Pop Goes the Culture

Whenever I hear bands like America or Jefferson Airplane, I marvel that so many people once took such great comfort in these things that most now consider rather silly. This keeps on happening: a movie will define a generation only to be laughed at by the next. Is this a necessary function of popular culture?

I complained to my friend Alan Jacobs about the bad timing of my releasing  a new book of poems just when all the bookstores in America closed down and he replied “thankfully, poetry is news that stays news, so people will eventually find it”.  News that stays news.

That phrase has haunted me since he said it. Because I am—aren't you?—not only uninterested, but basically disgusted by yesterday's news, to say nothing of last weeks'. We throw out as garbage what we we're very eager for just hours before. By contrast, how much consolation, how much joy I have had in Constantine Cavafy's poems from a century ago!

I am trying to think about why this should be or why it might matter. The poet Percy Shelley often thought about the eternality, or lack thereof, of artistic productions. He admired painting, but worried that its shelf life was necessarily short due to the degradation of its materials. Sculpture he found the more lasting, but was still upset by the way later curators felt free to alter it, adding fig leafs, or whole limbs to replace missing ones. Poetry he saw as eternal, not, I think, only because it is his own chosen medium, but because of the thing I'm talking about here. A Shakespeare sonnet that I read now is not similar to, but identical to the one recited at the court of Elizabeth I. If the past is any indication of the future, we can be fairly certain that in another 100 years, or 500, the sonnets will endure and endure in precisely their same state, losing none of their affective power due to the half-life of certain molecules.

So, it seems, the problem isn't in the lyrics: either in the ideas or in their enunciation in sentences. But the problem also doesn't seem to be in the music. Duke Ellington's three-minute miracles are every bit as powerful today as they were nearly a century ago. Beethoven, though he likely sounds a little different, likewise. The work doesn't sound dated. We don't listen to it for nostalgic purposes but because we find it beautiful and useful in the present: as full of power as it ever might have been.

My question then is the following: what is it about combining lyrics and instrumentation that reduces so the use-by date? I suppose to engage it, you'd have to believe that it does. I can imagine some people arguing that The Beatles haven't really aged. They'd be wrong, and hilariously so, but I can imagine it. My sense is the that the Fab Four endure almost purely for nostalgic, and then for ideological reasons. Those of us who listen do so to remember certain times or feelings from our youth, or to sign up for the rebellious posture they advocate--down with religion! Your teachers are stupid! The government is evil! Whether one supports such rallying cries is irrelevant to the issue that that's a large part of the band's appeal. I can hear people saying Bob Dylan music is beyond time as well, but I don't think that's right either. There is nothing eternal or universal in that music. But given that you're a normal person, surely you'd have to admit--even if the music of your upbringing was great, like mine was, that it begins to show its age eventually. Some records I unashamedly love, even still from 30 years ago; others I can only love because I have decided to place their obvious emotional manipulations to one side, to look past their excesses in the same way I agree to look past their hair or attire.

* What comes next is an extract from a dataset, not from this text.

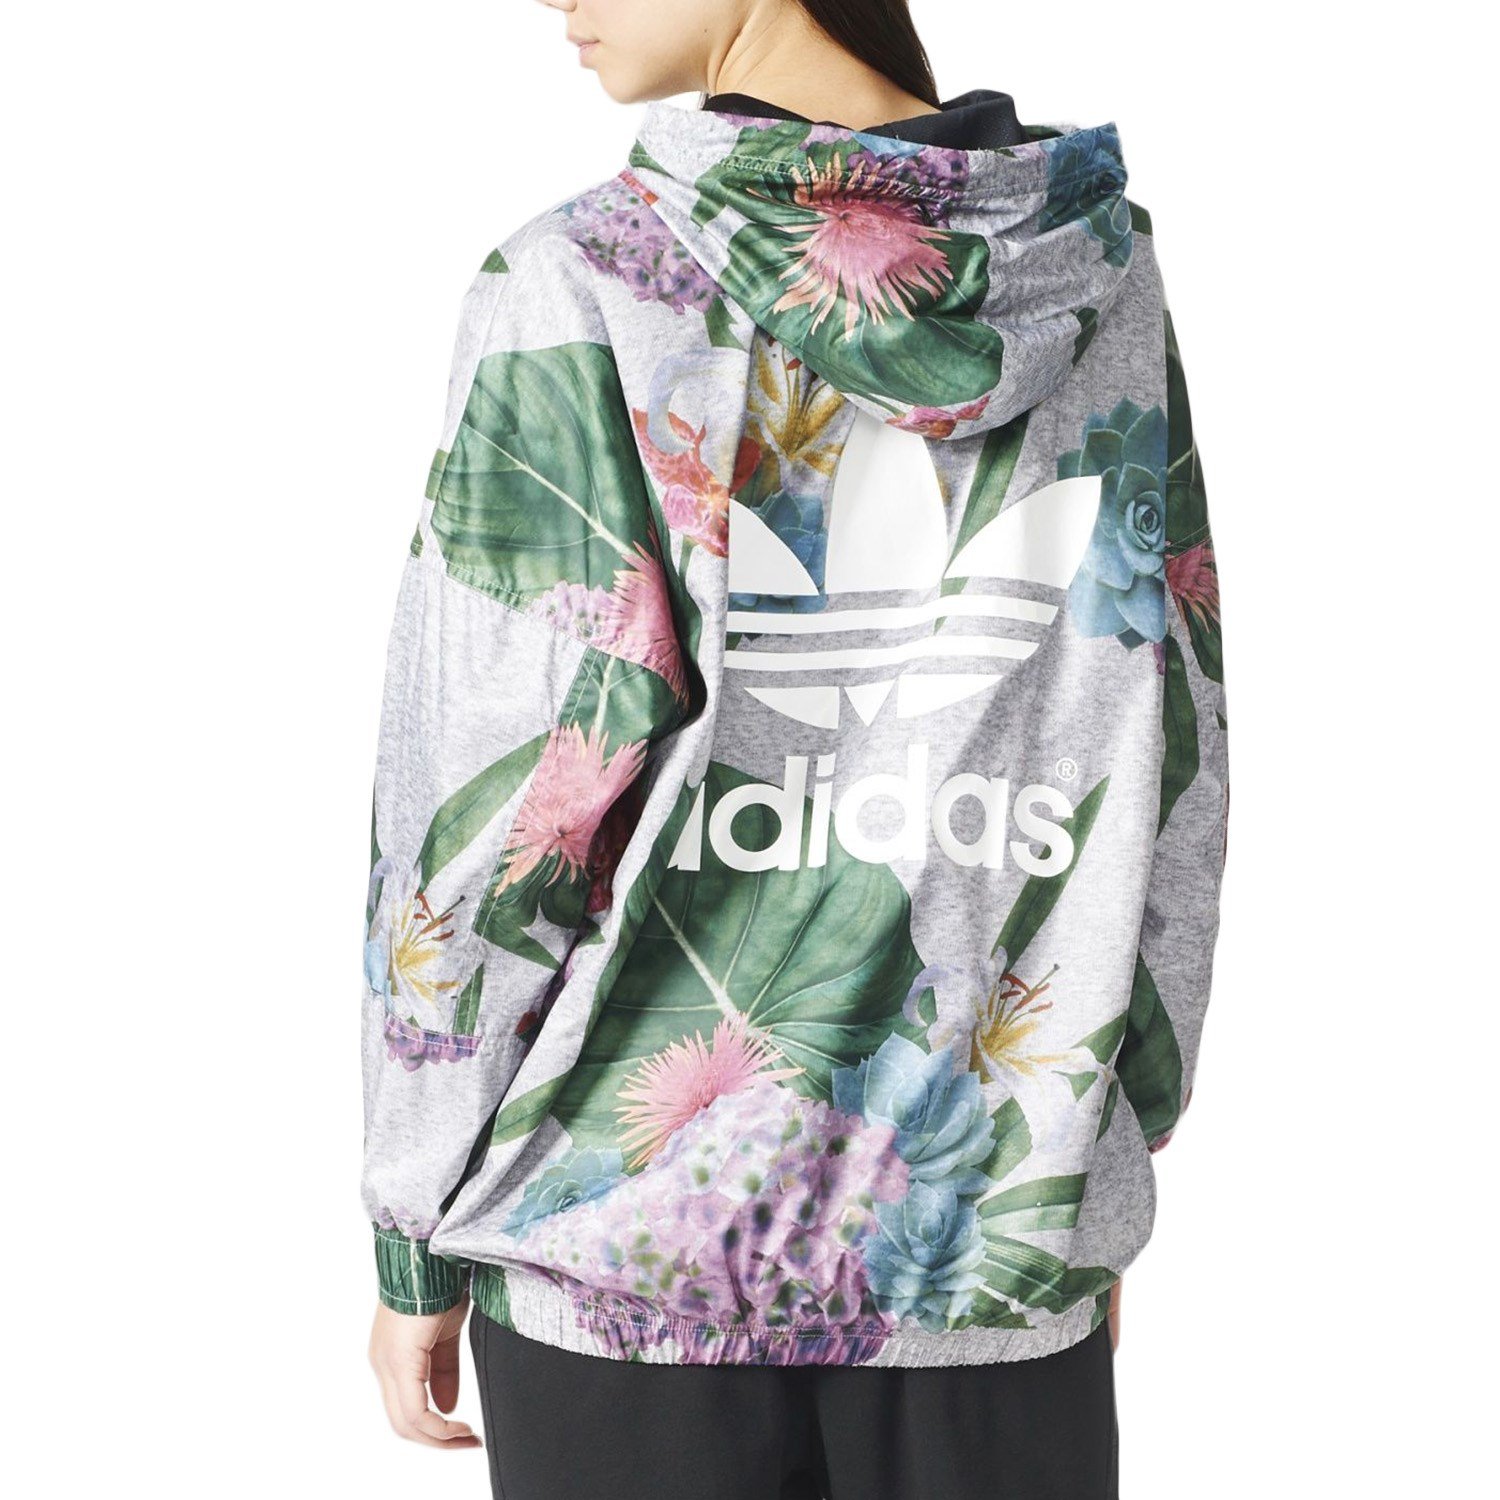 adidas jacket women floral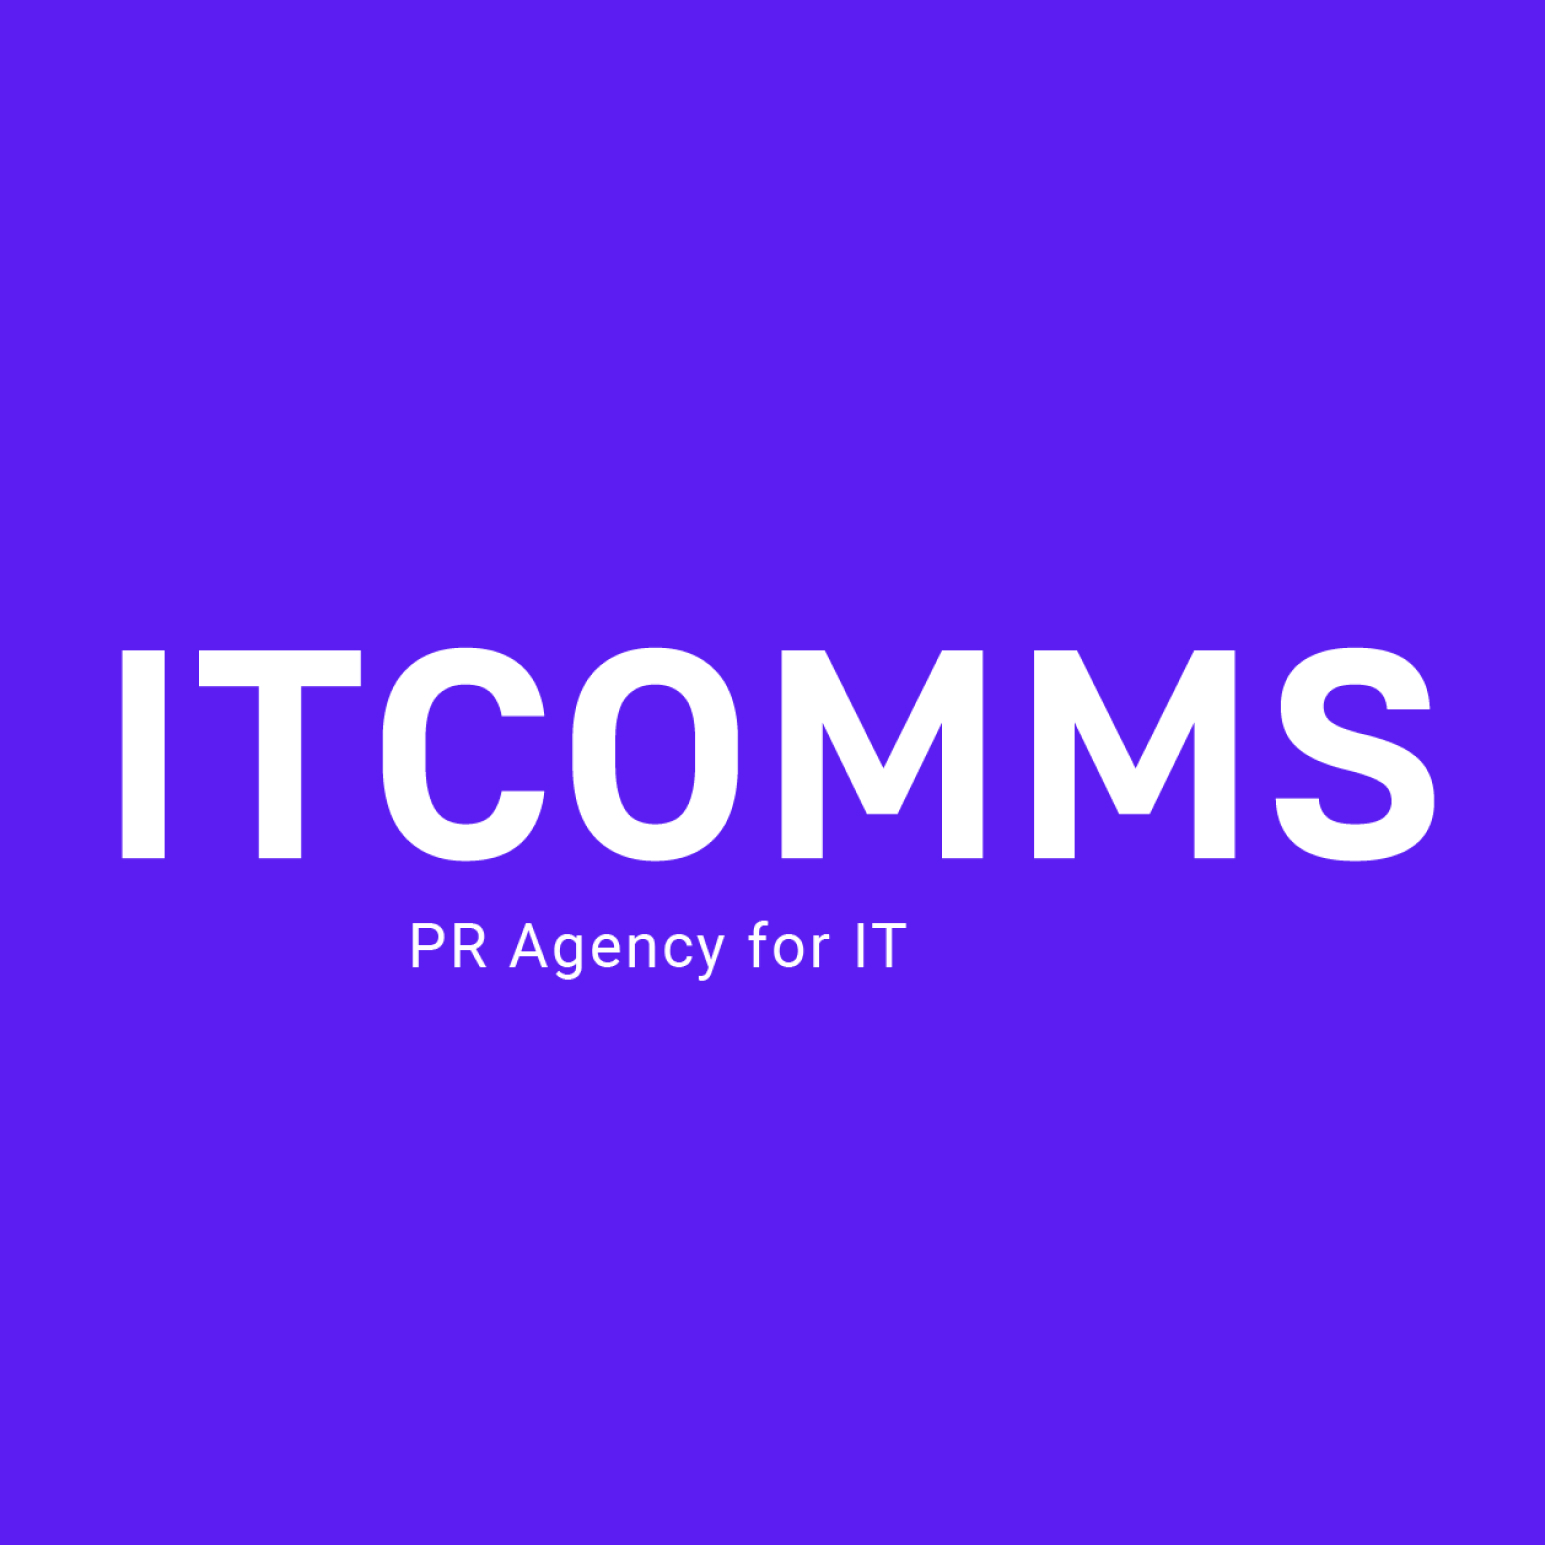 Генератор пресс-релизов на базе AI PR-агентства ITCOMMS

Even if you don't agree completely with the way I've framed the question here, don't we think this odd? Poems last forever. Non-vocal music lasts a rather long time, sometimes centuries. But put them together and it starts looking not only threadbare, but comical, embarrassing, within a decade, if that. It doesn't seem to me self-evident why that should be the case and yet there are literally thousands of examples.

To further complcate matters, it seems also as if the breadth of appeal is inversely proportinate to the linear. So, Richard Marx reached across nearly the entire spectrum in the English-speaking world in the early 1990’s, but did so insanely briefly, only to be so cringeworthy as to be unlistenable, not long thereafter. I think there is more going on here than the sense of backlash, our corporate embarrassment over having loved something so much. It seems to me more like rose bushes that only have so much energy inbuilt. They can spend it on fragrance, or color or size or lasting-ness, but they must still choose somehow which.